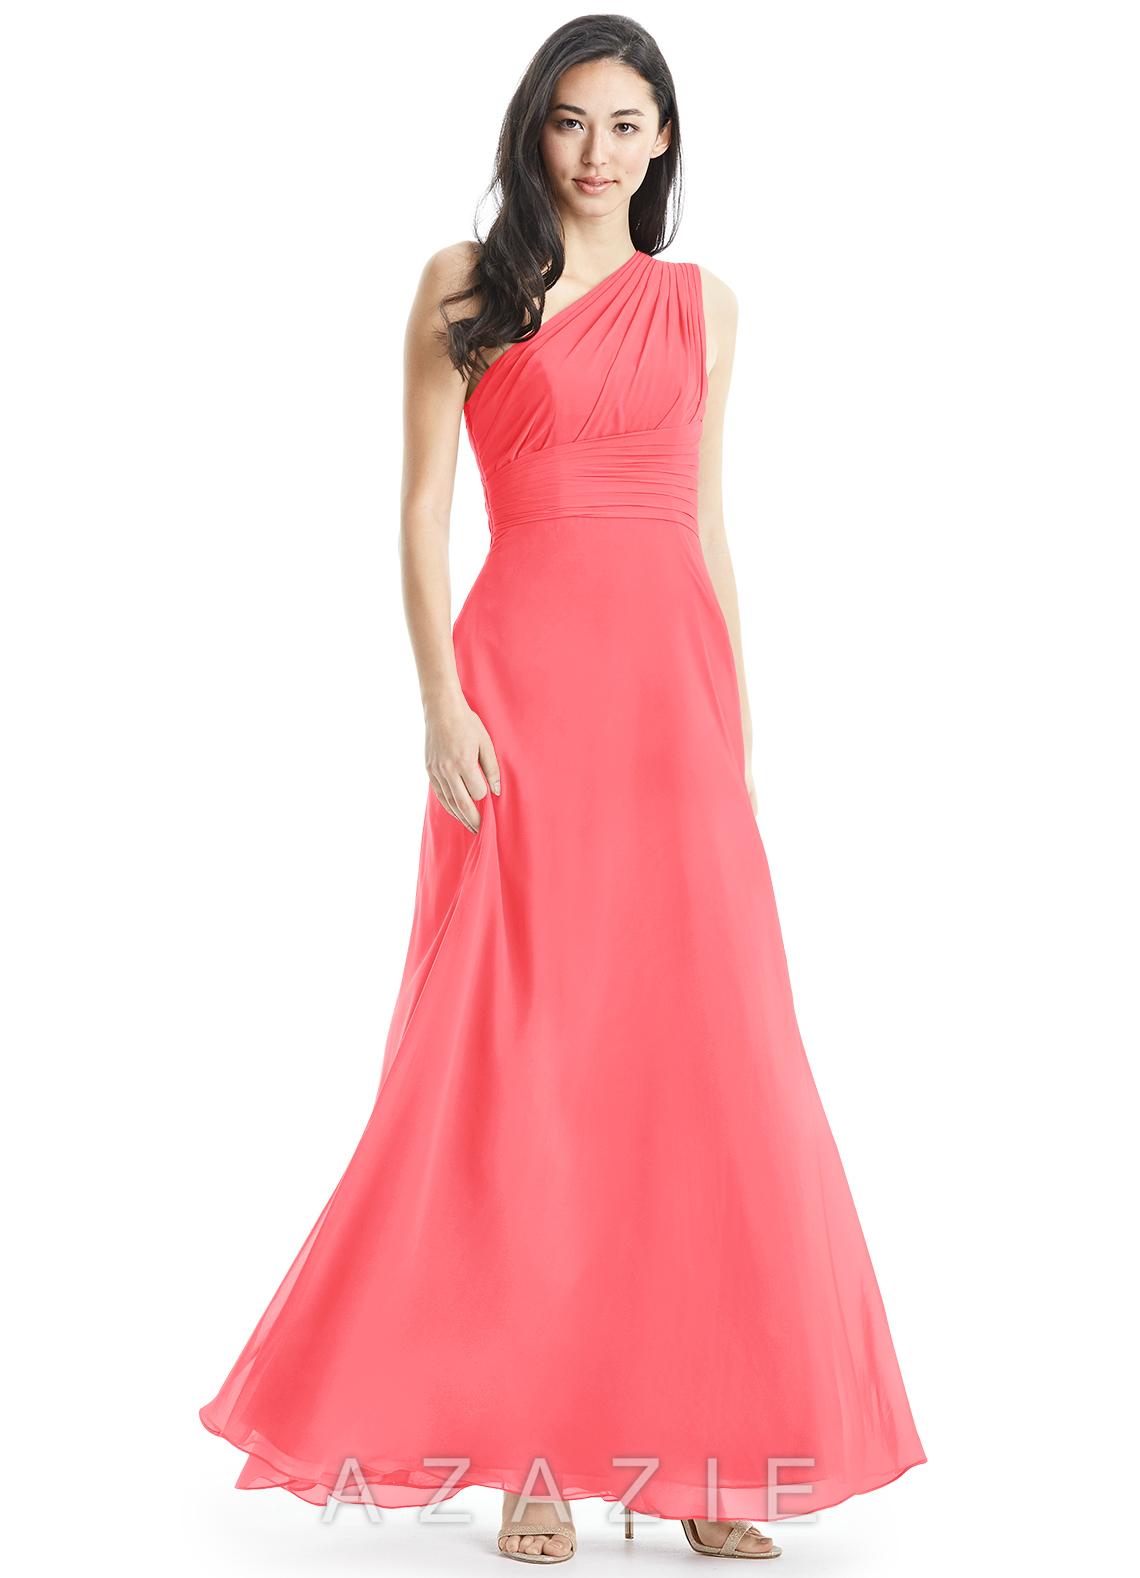 Azazie ashley bridesmaid dress azazie color watermelon ombrellifo Image collections
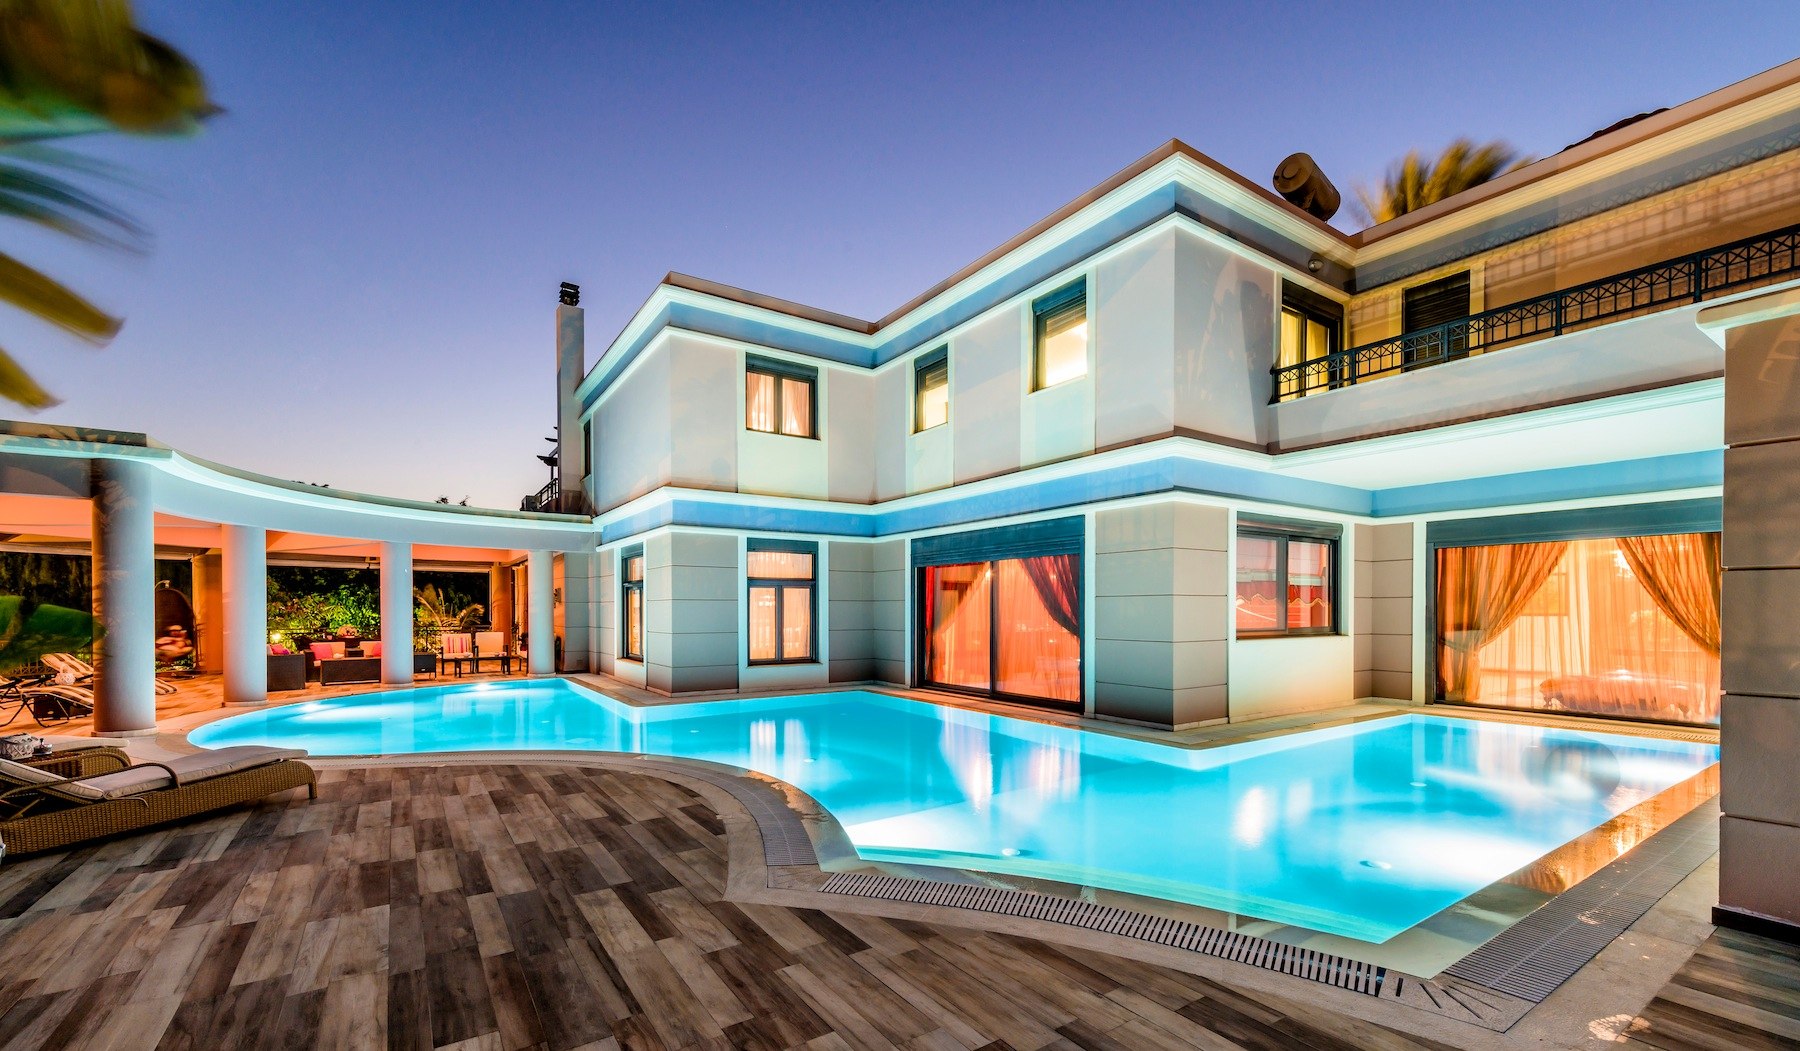 Single Family Home for Sale at Elite Elegance Galinou Elite Elegance Rhodes, Southern Aegean, 85100 Greece
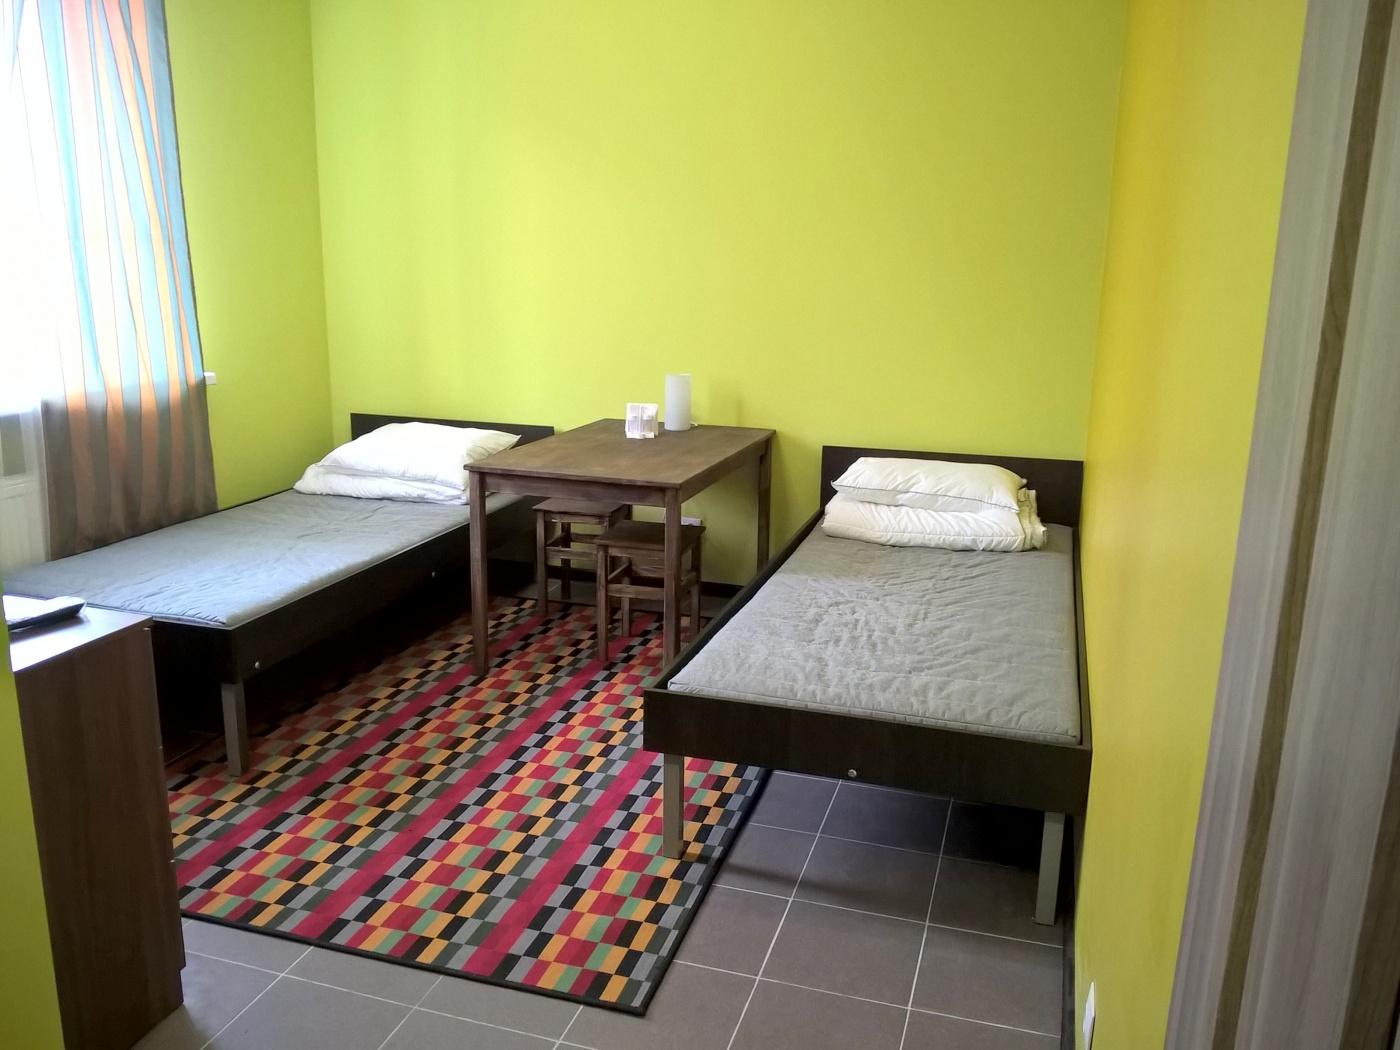 База отдыха «Marlin-KZN» Республика Татарстан 2-комнатный номер на втором этаже, фото 2
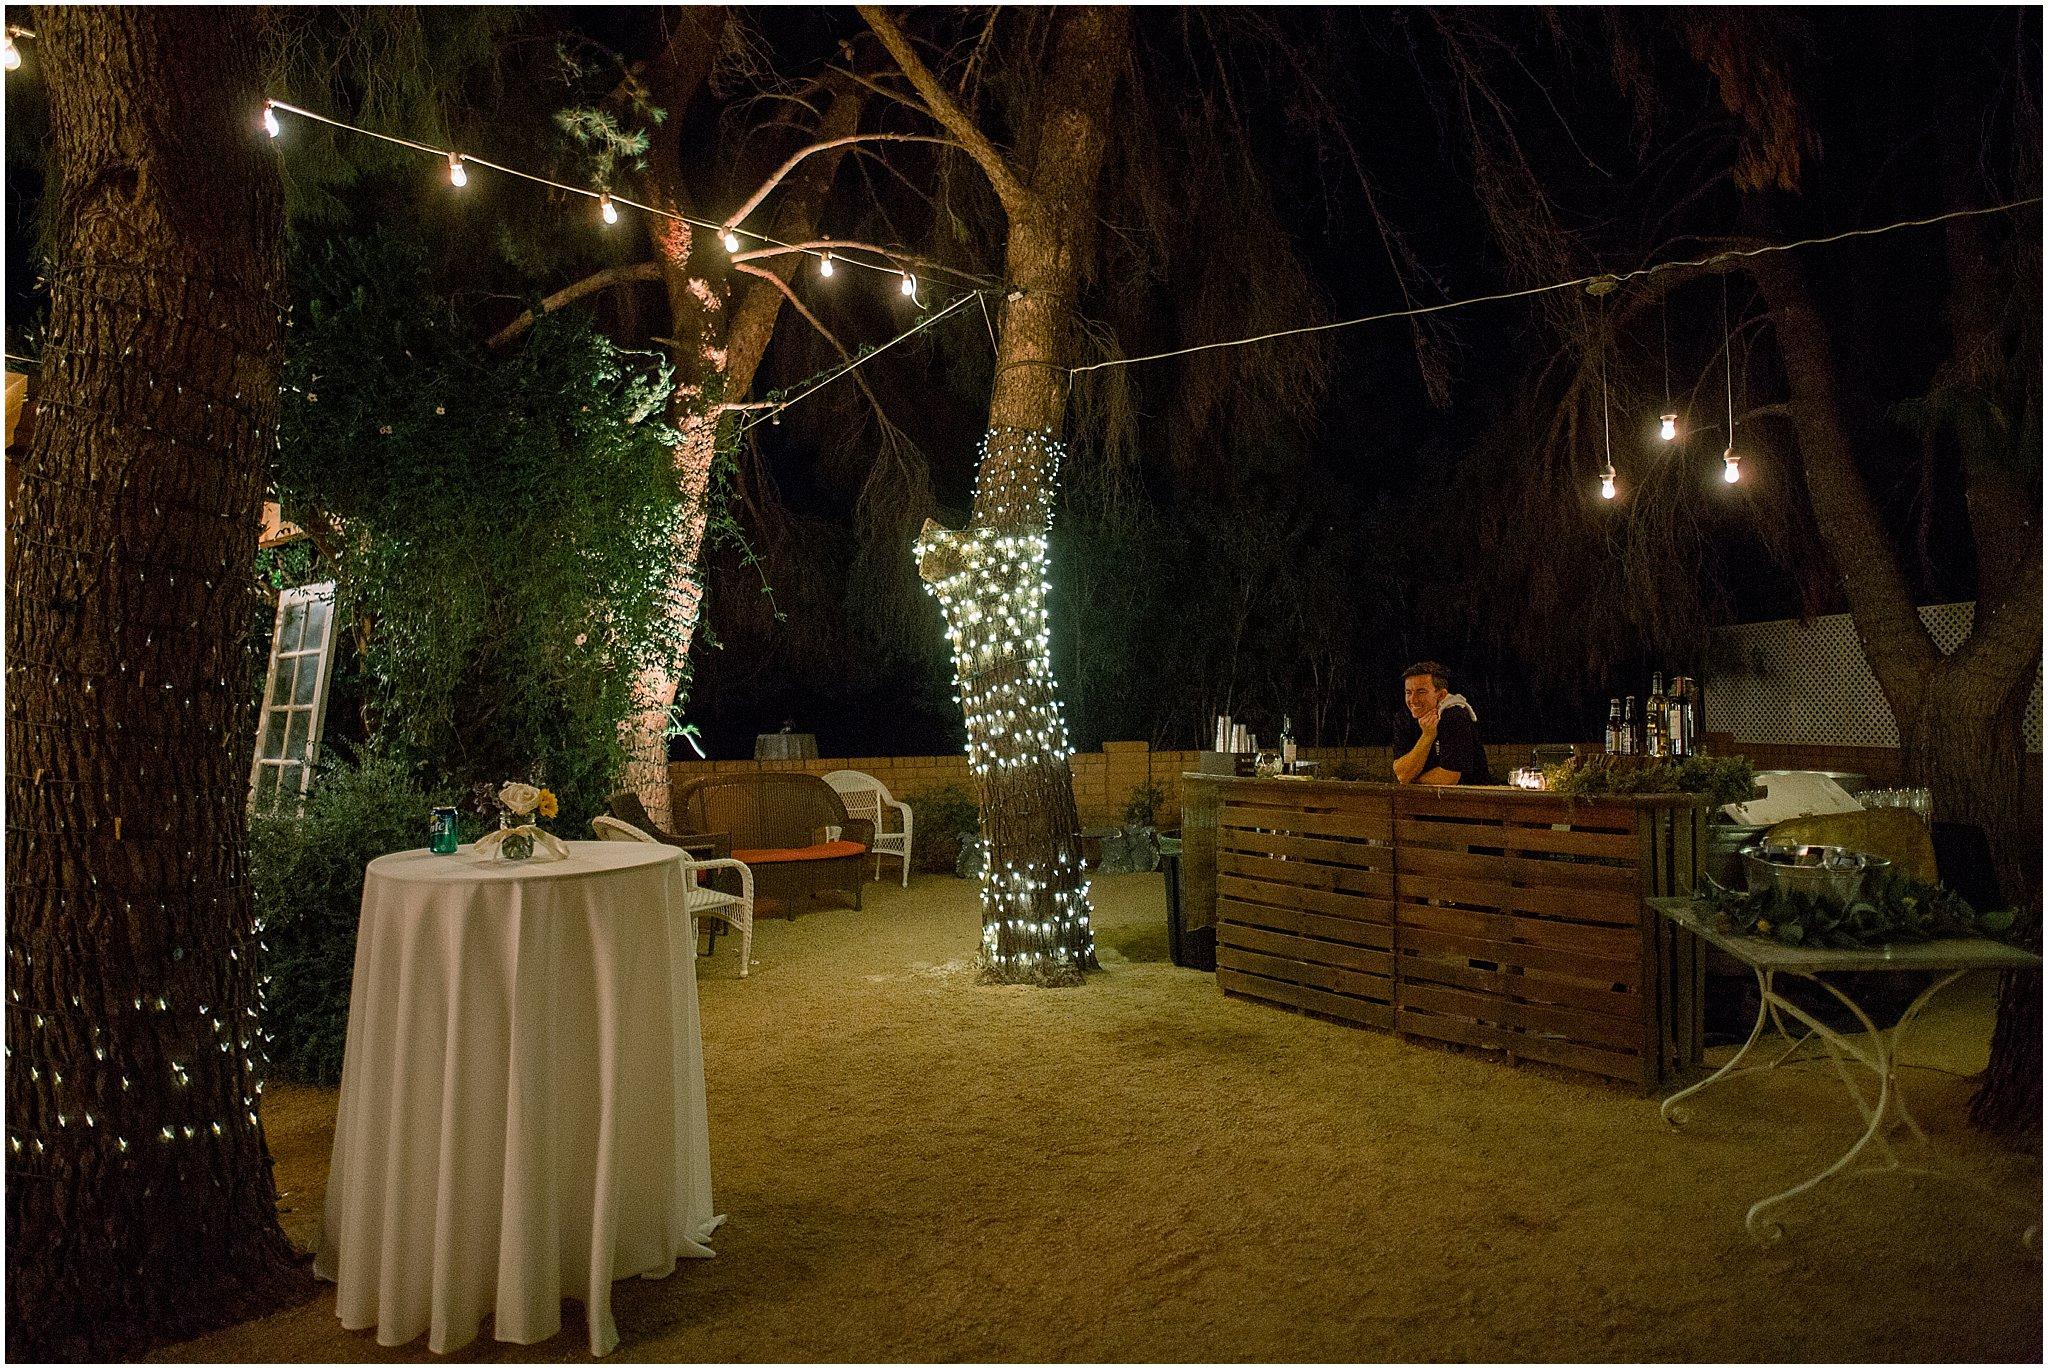 schnepf-farms-queen-creek-arizona-wedding_0004.jpg
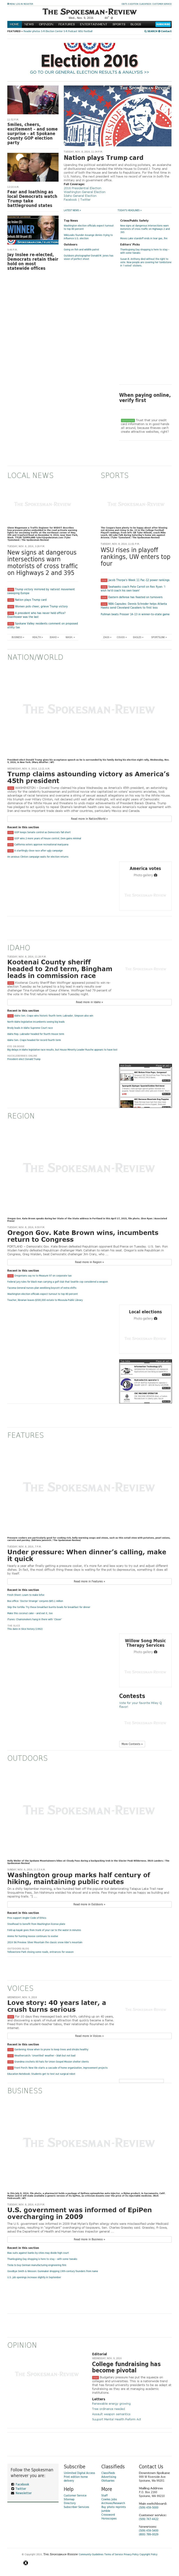 The (Spokane) Spokesman-Review at Wednesday Nov. 9, 2016, 9:22 a.m. UTC

◆ **Instructions for the task**
Copy only the part of the records that runs from the first line to the line with "schnepf-farms-queen-creek-arizona-wedding_0004.jpg", ends included, leaving pictures out.

◆ **Result of this task**
 Azazie ashley bridesmaid dress azazie color watermelon ombrellifo Image collections
 Single Family Home for Sale at Elite Elegance Galinou Elite Elegance Rhodes, Southern Aegean, 85100 Greece
 База отдыха «Marlin-KZN» Республика Татарстан 2-комнатный номер на втором этаже, фото 2
 schnepf-farms-queen-creek-arizona-wedding_0004.jpg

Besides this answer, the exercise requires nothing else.